How did the oil arrive? It had been a long journey. The formation of all present oilfields appears to have begun over a lengthy period of around 150 million years starting around 250 million years ago with their development going on ever since. It begins in hot, humid areas of intense plant life: rain forest, mangrove swamps and continental shelves, in what then were the tropics. The process depends on the nature of rocks. They start as cooled molten material from within the Earth’s surface, mostly solid like granite and basalt, impermeable by liquids. Erosion by water and wind reforms some into sedimentary rocks, such as sandstone, permeable by liquids and gases. Layers of different rocks become forcibly distorted and broken by pressure and tilt, reaching down into the Earth. Buried plants are first transformed by microbial action into a more liquid substance called kerogen.

Under the force of gravity it starts to migrate deeper into the Earth’s crust through permeable rocks. As it does so it meets increasing pressure and temperature, a rise of lo Centigrade for each 70 ft of depth, and water, carrying bacteria and other reactants. As a result it reforms into an immense variety of different hydrocarbons, containing, by mass, 82 to 87 per cent carbon and 12 to 15 per cent hydrogen, an indication of the relative proportions of energy contributed by the two elements. Eventually the crude may become trapped in one permeable rock between two impermeable rocks, so becoming an oil field to be tapped for human use.

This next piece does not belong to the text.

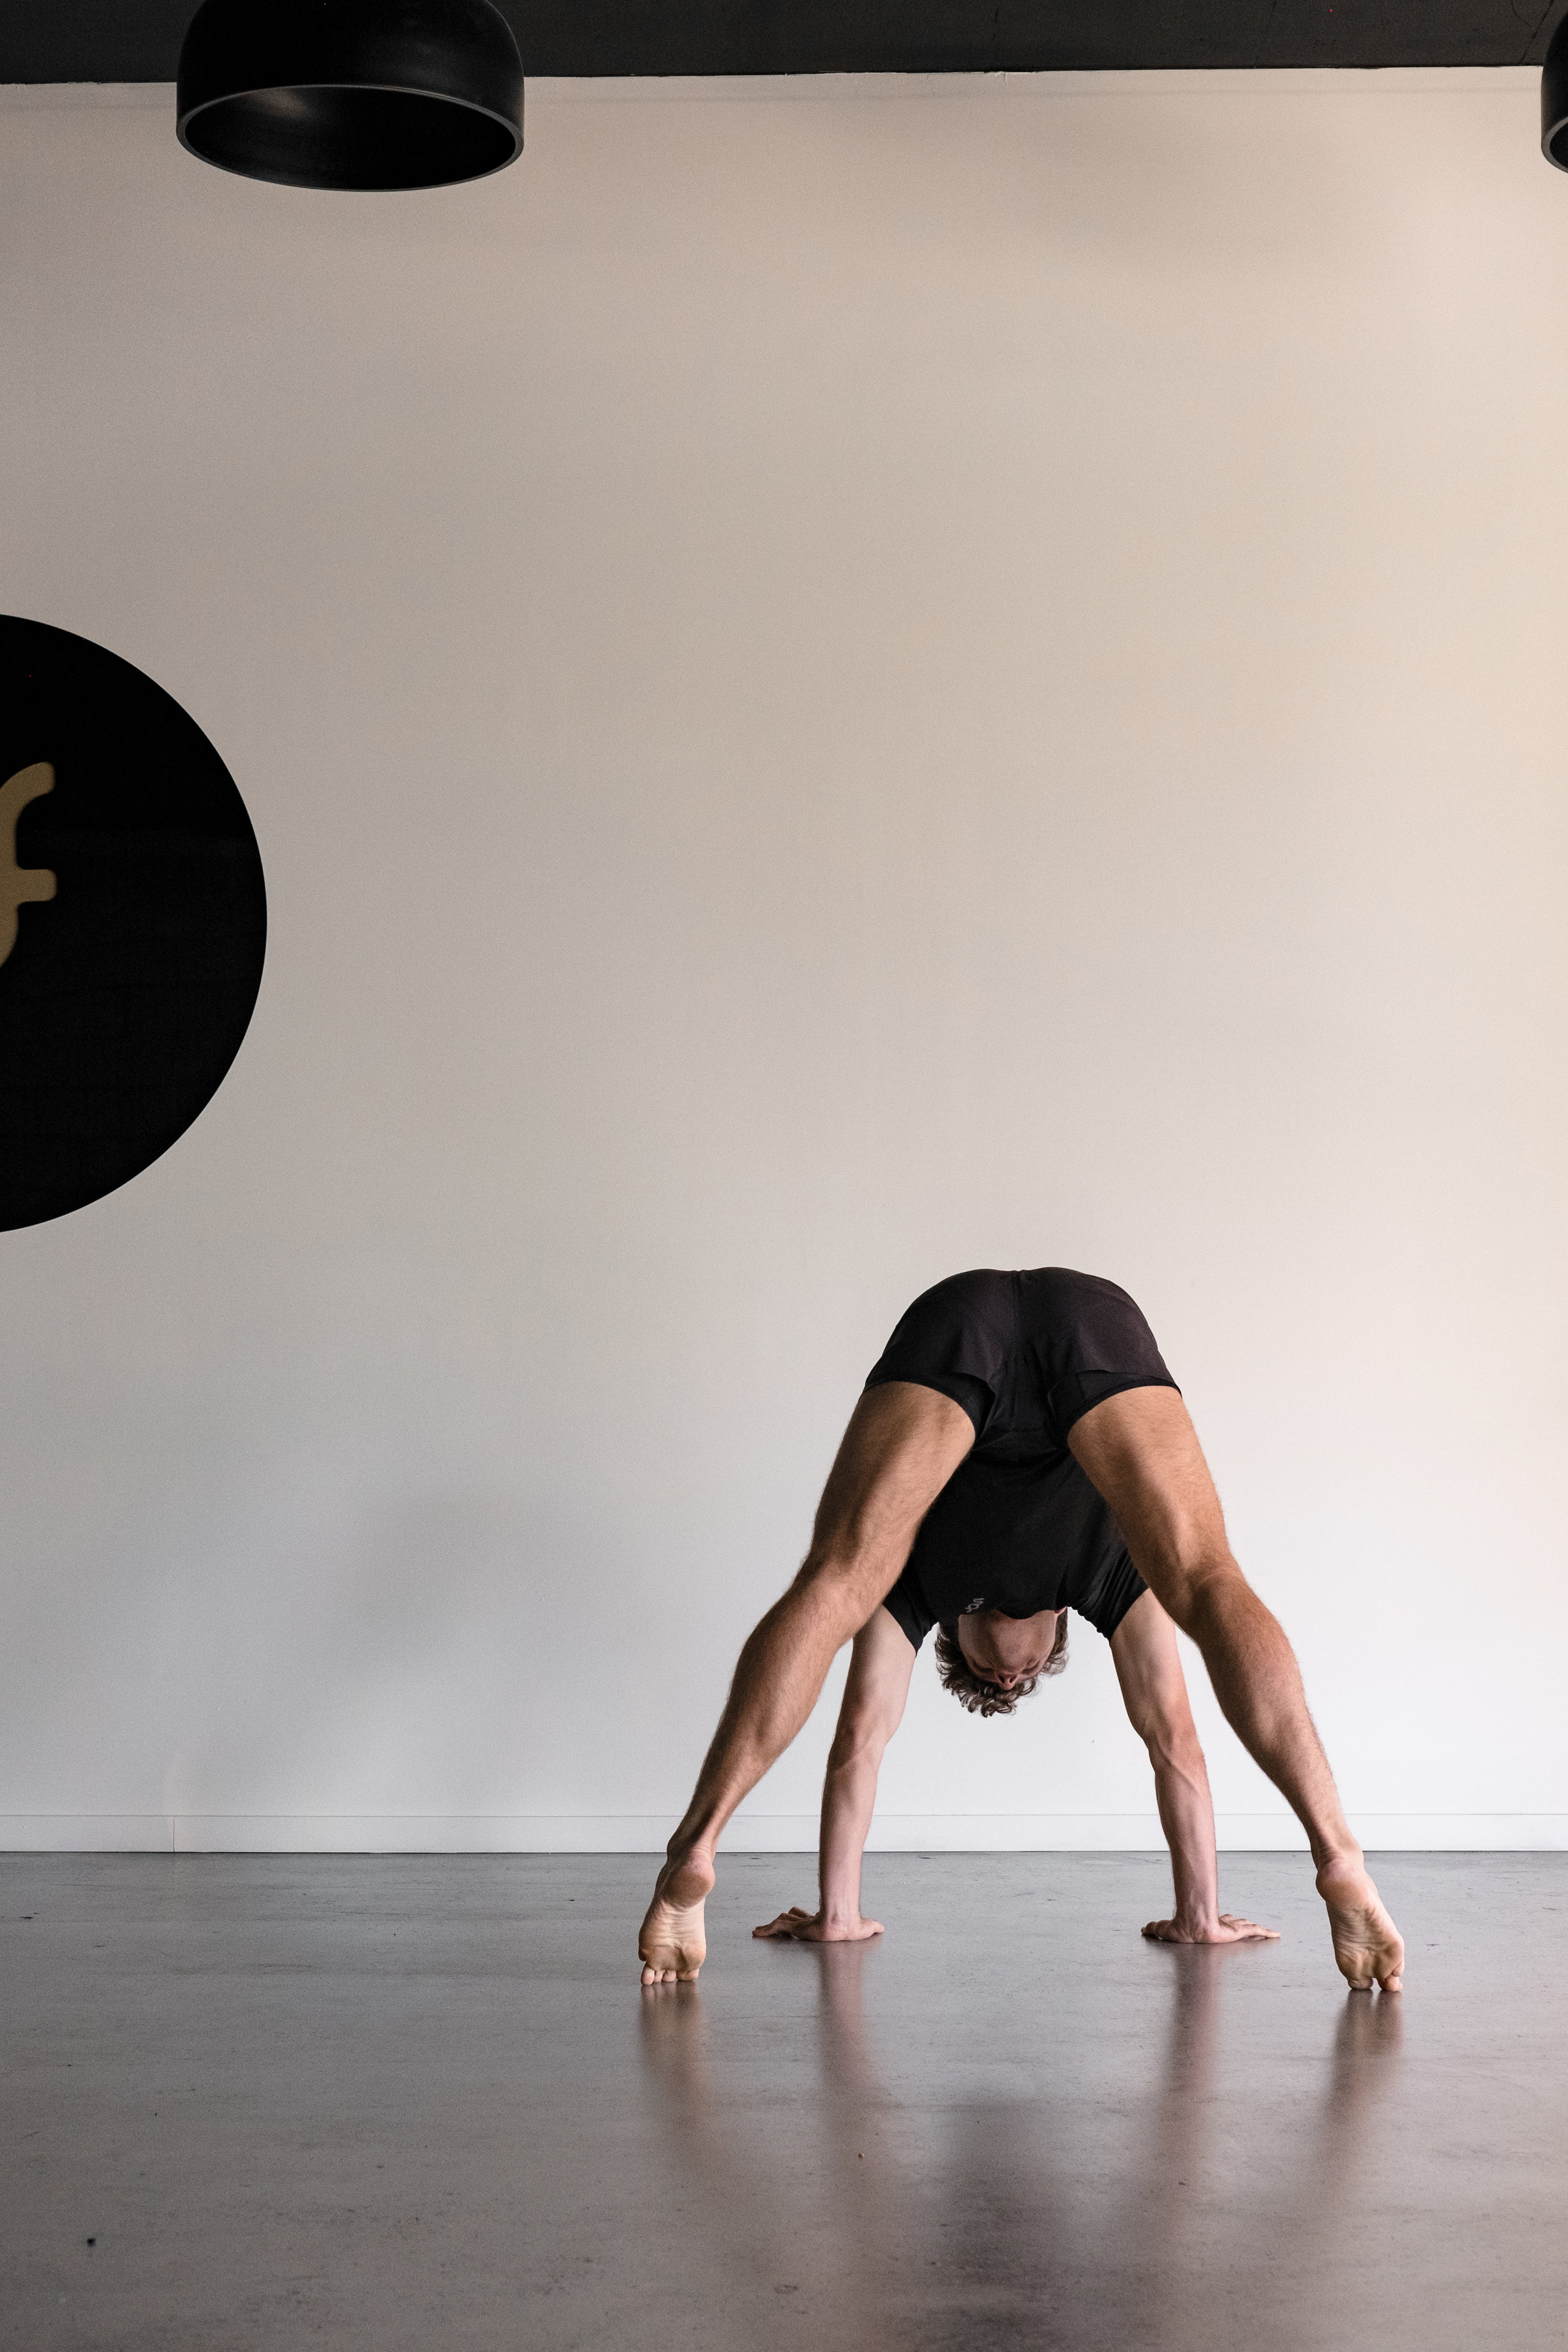 Handstand_Preparation_Training (34 of 38).jpg

The process reached its peak somewhat over 100 million years ago as recent ideas in geology, continental shift and plate tectonics, explain. That oil forming period was when there was one supercontinent, with the tropics moving around it and the climate was hotter and more humid because of the lack of land with permanent ice at the poles. Also the atmosphere was much richer in carbon dioxide, by the entire vast amount to be released as modern civilisation consumes the oil and gas on which it depends.

Towards the end of the oil forming period a shallow sea, the Tethys, breaking into the remaining supercontinent, Gondwana, swept up vast amounts of organic matter depositing them around the current Persian Gulf. In a mere 30 million years it had formed roughly half the oil ever produced, the present Middle Eastern oilfields.

How much survives for our civilisation’s use and how long will it last? In its first century, up to around 1960, the oil industry produced 200 billion barrels, around an eighth of what is thought to be the original total available. It then settled down to producing a similar amount every decade. Even if production were to be stabilised at the levels of the end of the 20th century, helped by increased fuel efficiency, shortages should begin to force a production decline by 2035. That makes little if any allowance for any increased consumer demand by the populations of China, India and other developing countries.

The Middle East has the most easily exploited reserves. Saudi Arabia, the US and Russia each had roughly similar original endowments with a rather larger one spread through the other Middle Eastern countries of Iraq, Iran and Kuwait. The United States had already used up over half its original endowment by 1999. Increasingly it seems future supplies will depend on Russian reserves.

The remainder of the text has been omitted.